*Supplied material*
________________________

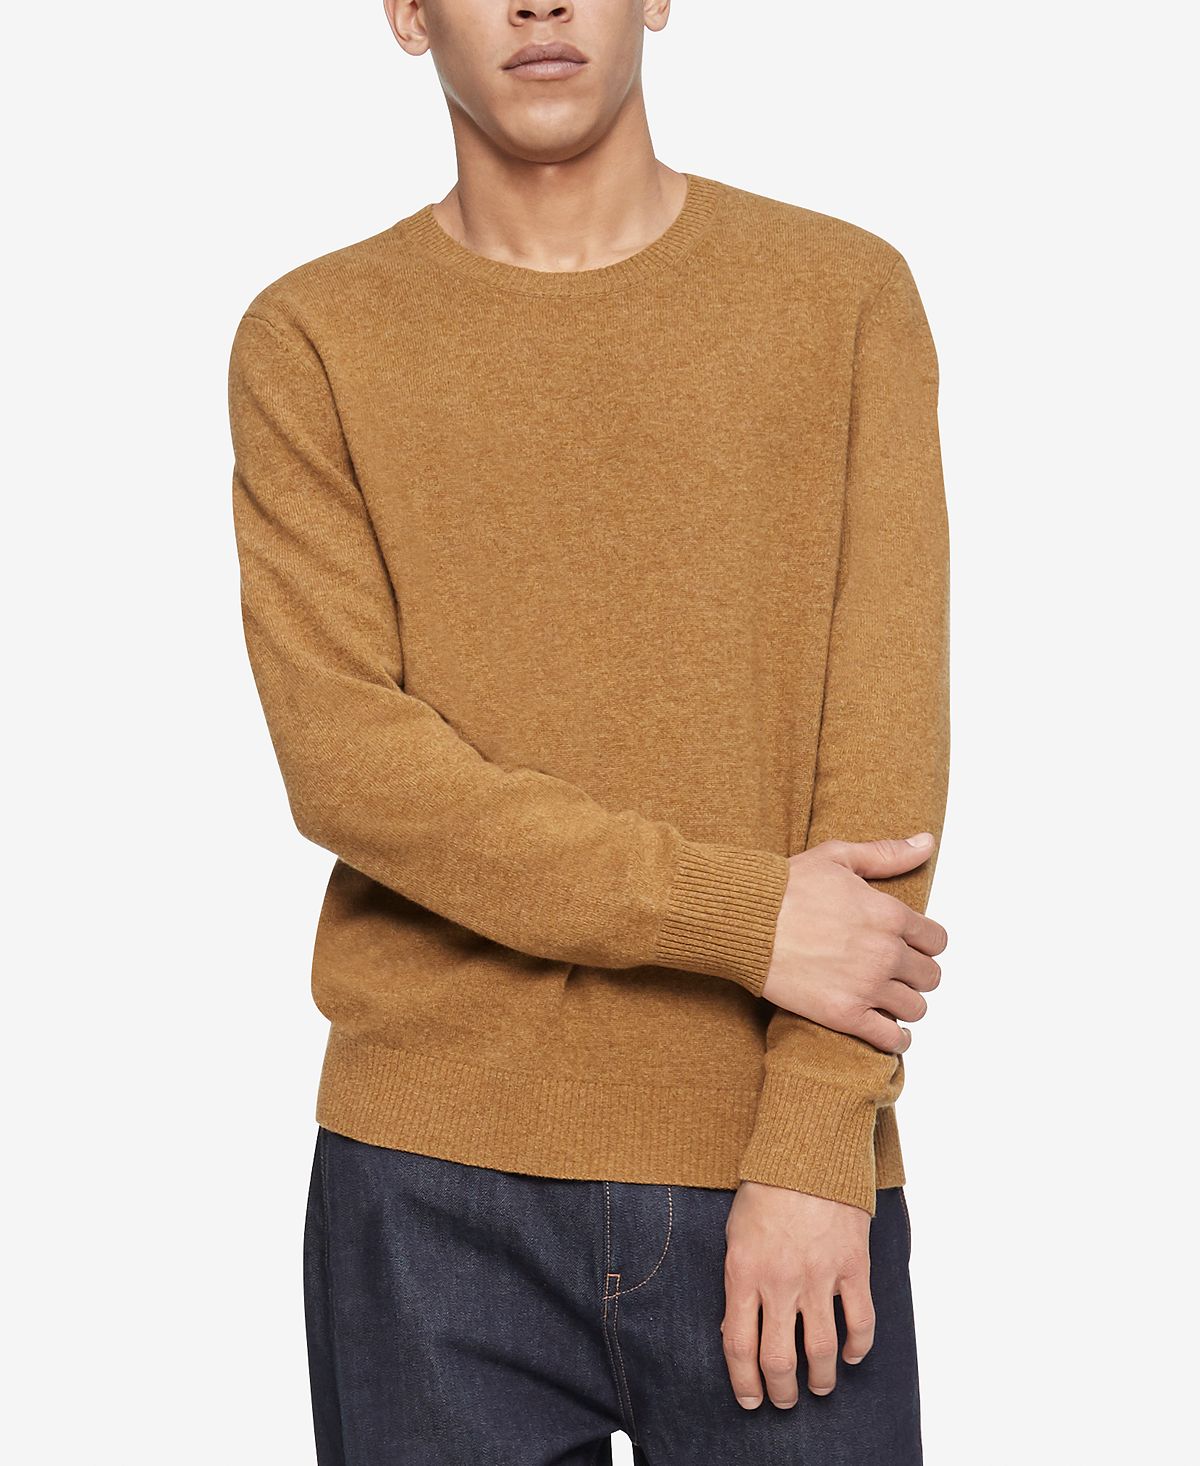 Lv Orange Sweater Top Sellers, SAVE 58% 
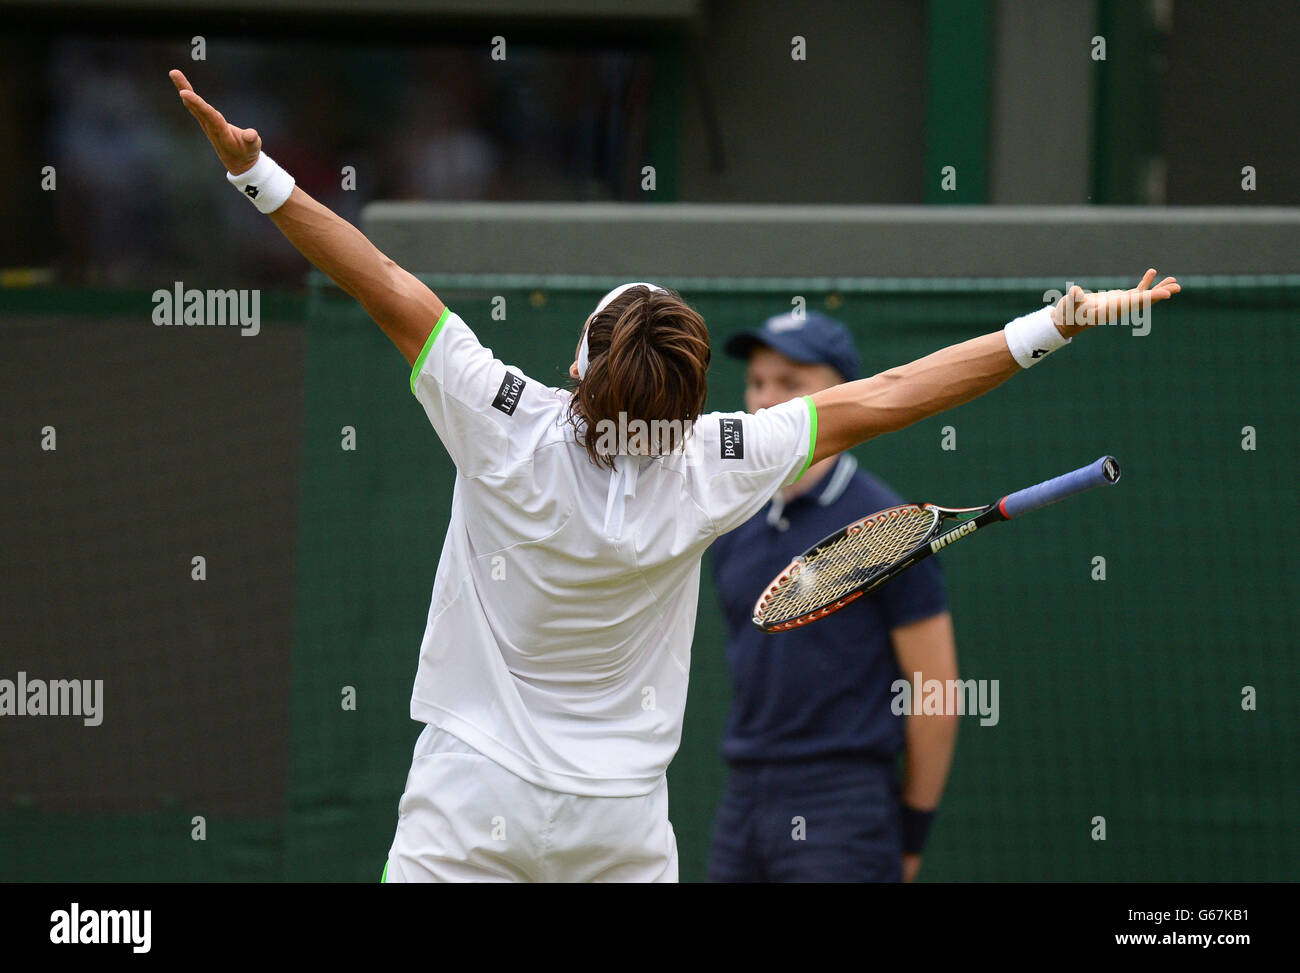 Der spanische David Ferrer feiert den Sieg des ukrainischen Alexandr Dolgopolov am sechsten Tag der Wimbledon-Meisterschaften im All England Lawn Tennis and Croquet Club in Wimbledon. Stockfoto
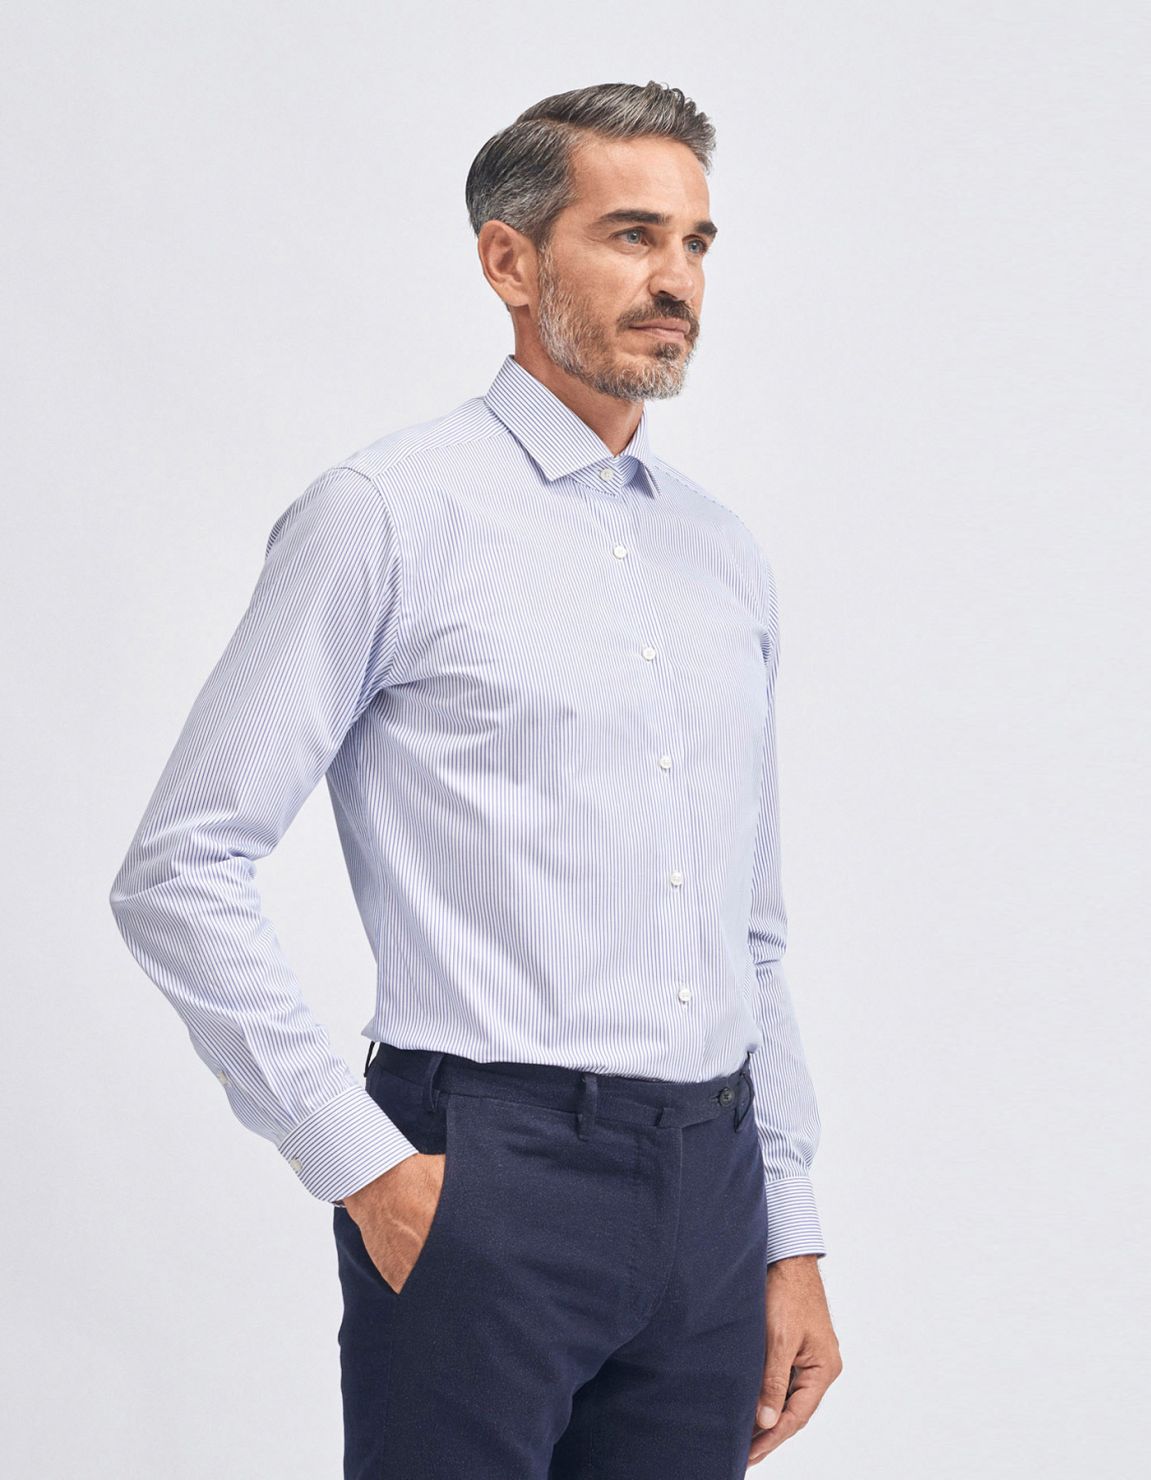 Shirt Collar small cutaway Blue Poplin Tailor Custom Fit 1

________________________

*Action item*
Reproduce word for word the lines running from the line with "Der spanische David" through the end of the data, both included, and nothing else; leave out the pictures.

*Output of the task*
 Der spanische David Ferrer feiert den Sieg des ukrainischen Alexandr Dolgopolov am sechsten Tag der Wimbledon-Meisterschaften im All England Lawn Tennis and Croquet Club in Wimbledon. Stockfoto
 Shirt Collar small cutaway Blue Poplin Tailor Custom Fit 1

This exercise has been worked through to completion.